Richard Hagenston is a Hoosier by education, if not by residence, having bachelor’s and master’s degrees in journalism from Indiana University. After deciding to go into the ministry, Hagenston obtained a Master of Divinity degree from Wesley Theological Seminary in Washington, D.C., leading to ordination in the United Methodist Church.
At the time he felt called to go into the ministry, Hagenston was the public relations services manager for an advertising agency. He was a pastor for eight years, serving two appointments in Maryland.
Hagenston writes, “I decided to return to the business world because, in spite of the satisfaction I found in serving my congregations, I cam to have some of the same theological concerns that are reflected in my book. I left the pastorate with the status of honorable location, meaning that I retained my ordination rights but with no church appointment.”
He is currently retired and living in Roanoke, Virginia.
Paul Keim is Professor of Bible, Religion and Classical Languages at Goshen College, Goshen, Indiana, and an adjunct faculty member at the Anabaptist Mennonite Biblical Seminary in Elkhart, Indiana. He is a graduate of Goshen College (B.A.) and AMBS (M.Div.) and received his Ph.D. in Ancient Near Eastern Languages and Civilizations from Harvard University (1992). He also studied at the European Mennonite Bible School (Bienenberg) in Liestal, Switzerland.

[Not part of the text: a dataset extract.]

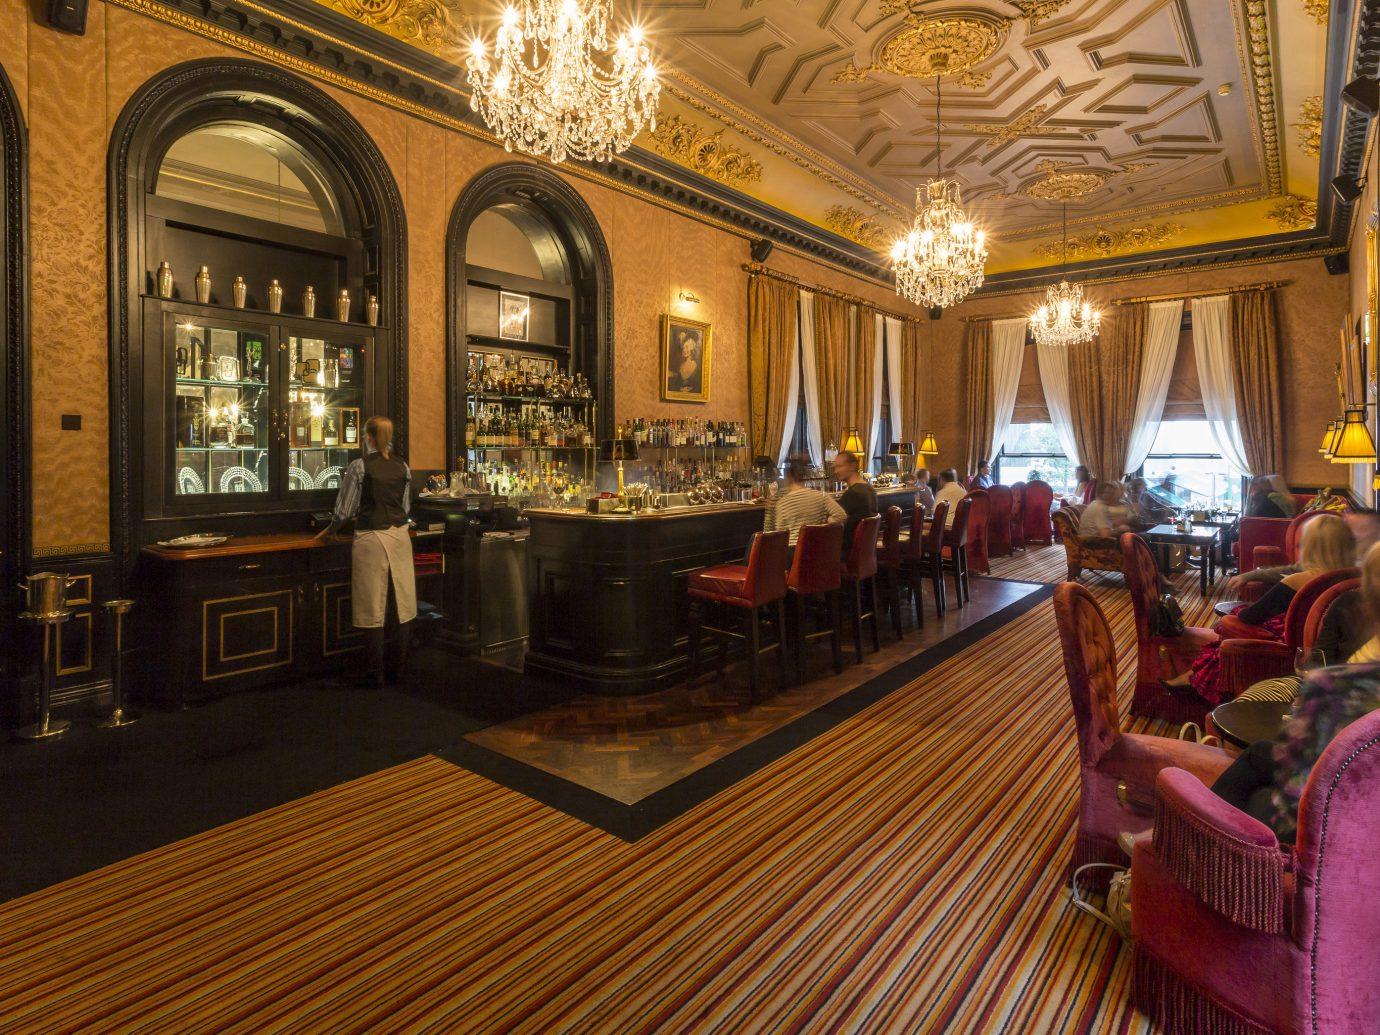 Hotels indoor building Lobby estate restaurant interior design palace Bar hall

Paul and his family served with Mennonite Central Committee in Poland in the early 1980s, and this provided an opportunity for Paul to study at the Jagiellonian University in Krakow, and Warsaw University.
Before coming to Goshen, he taught at Indiana University in Bloomington, Indiana and at the College of Charleston in Charleston, South Carolina. More recently he spent a year as visiting professor at the Friedrich Schiller University in Jena, Germany.
Loren Johns is our guest speaker February 2015, with a presentation titled “Anabaptist Approaches to Scripture: What Is Different and Why?“
Loren’s educational background includes a B.A. in Bible from Goshen College, a Master of Divinity degree from AMBS, and a Ph.D. degree from Princeton Theological Seminary in 1998. He was Professor of Religion at Bluffton College from 1993-2000, Academic Dean at AMBS from 2000-2007, and is currently Professor of New Testament and Director of the Master of Divinity Program at AMBS. In addition, Loren edits the Believers’ Church Bible Commentary and is New Testament Editor of the Anabaptist Dictionary of the Bible. He is a former pastor and has authored numerous scholarly articles.